* [Task details]: The line containing "VH Nutrition HOLY" marks the end: write out exactly every line from the first line of the data below through that line, and only those.

── Study material ──

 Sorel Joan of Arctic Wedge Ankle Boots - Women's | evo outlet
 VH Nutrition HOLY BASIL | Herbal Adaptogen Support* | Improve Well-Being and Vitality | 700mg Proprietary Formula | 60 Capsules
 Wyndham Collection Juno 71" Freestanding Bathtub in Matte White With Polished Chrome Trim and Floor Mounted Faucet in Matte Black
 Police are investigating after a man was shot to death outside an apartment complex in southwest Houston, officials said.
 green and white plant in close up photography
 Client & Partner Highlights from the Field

───

* [Reply]:
 Sorel Joan of Arctic Wedge Ankle Boots - Women's | evo outlet
 VH Nutrition HOLY BASIL | Herbal Adaptogen Support* | Improve Well-Being and Vitality | 700mg Proprietary Formula | 60 Capsules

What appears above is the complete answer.